[Opening EXERCISE DATA section]

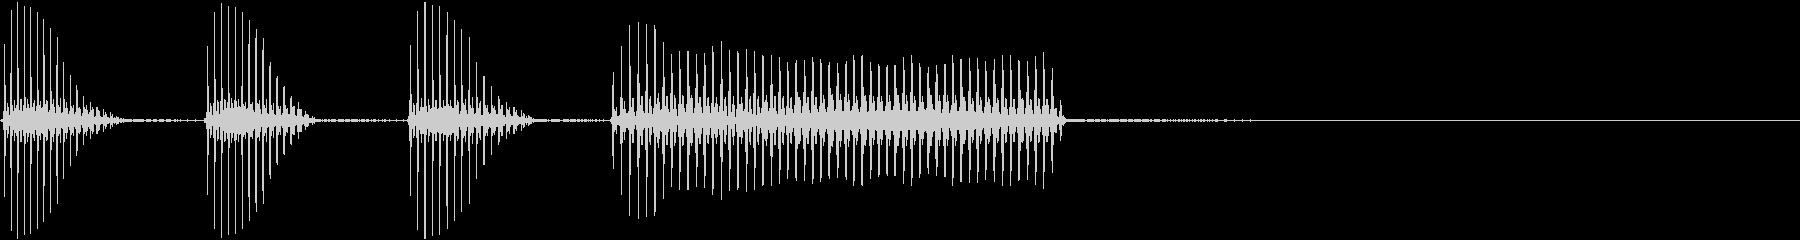 TUBA:ランバーダウン、漫画コメ...の未再生の波形
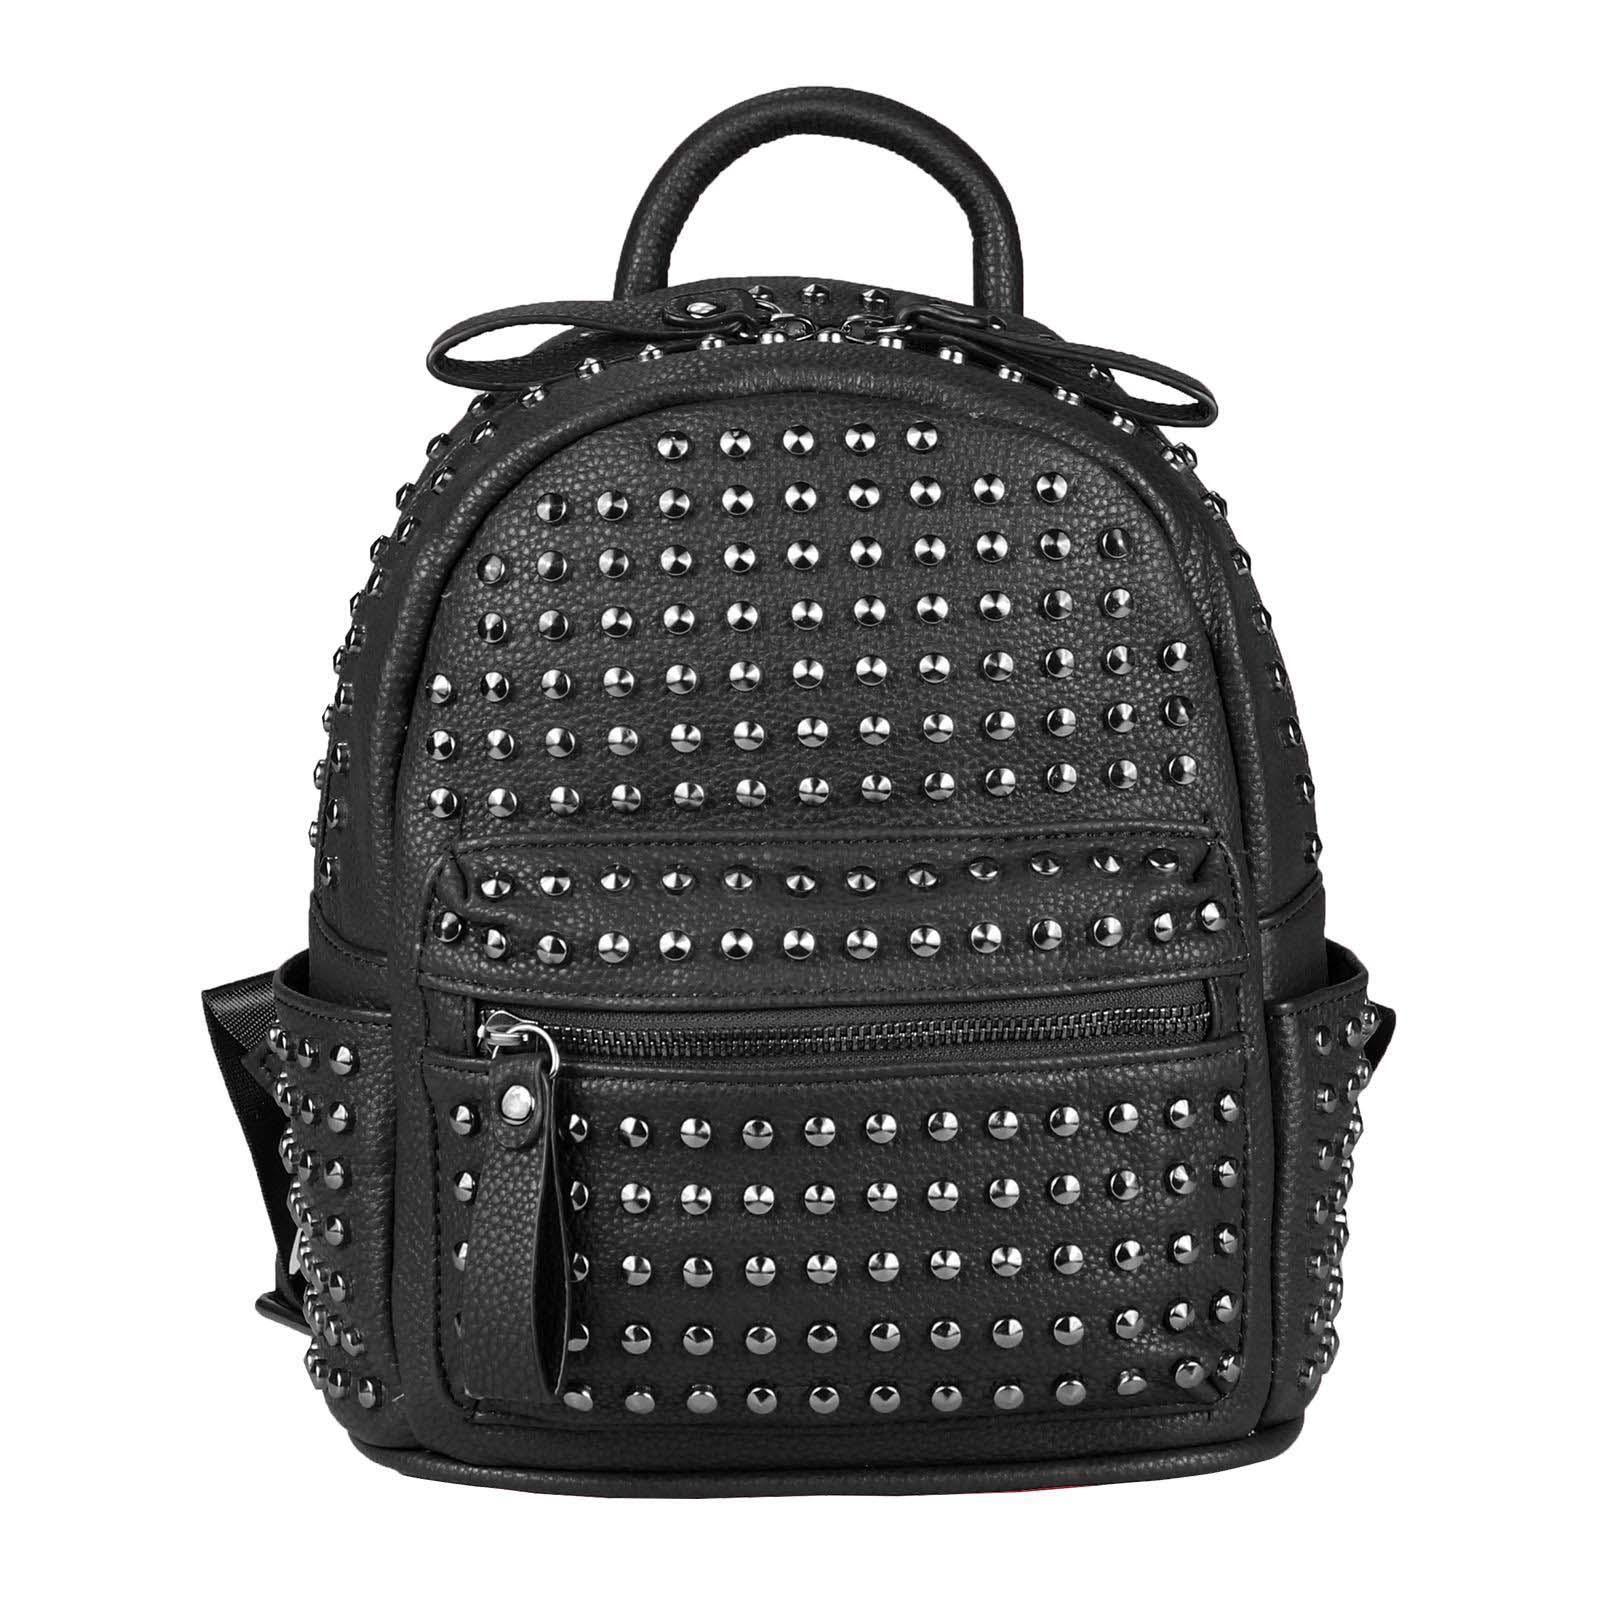 1c8506c44e634 DAMEN NIETEN RUCKSACK TASCHE Cityrucksack Stadtrucksack Metallic Backpack  Schultertasche Handtasche Umhängetasche Shopper Daypack Schwarz
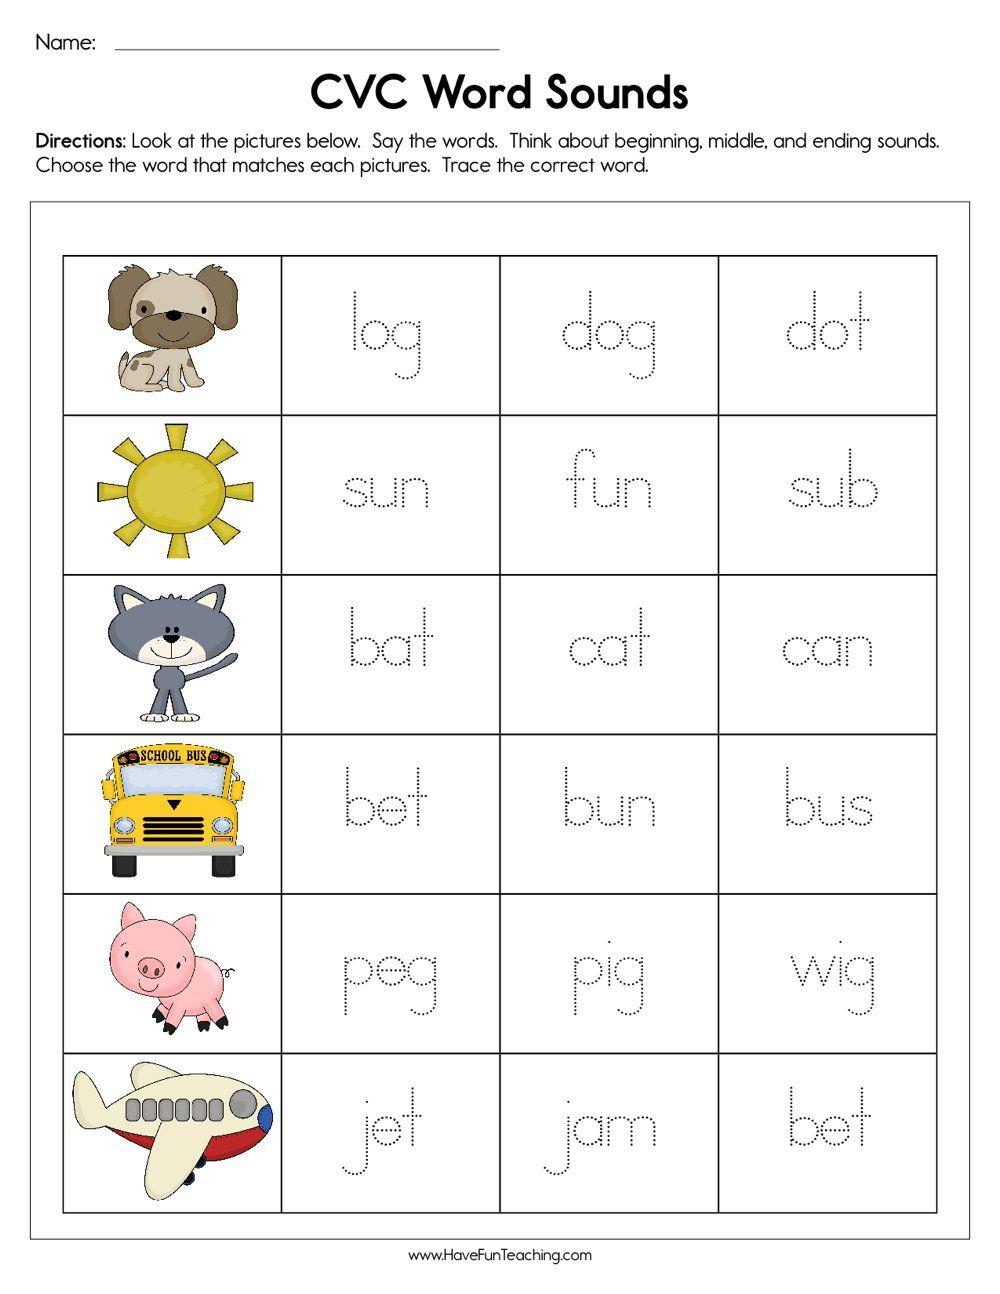 CVC Word Sounds Worksheet in 2020 Cvc words kindergarten

[Closing EXERCISE DATA section]

# WHAT IS REQUIRED:
When you copy the listing, keep every line exactly as it is but leave out all images.

# TASK OUTPUT:
 TUBA:ランバーダウン、漫画コメ...の未再生の波形
 1c8506c44e634 DAMEN NIETEN RUCKSACK TASCHE Cityrucksack Stadtrucksack Metallic Backpack  Schultertasche Handtasche Umhängetasche Shopper Daypack Schwarz
 CVC Word Sounds Worksheet in 2020 Cvc words kindergarten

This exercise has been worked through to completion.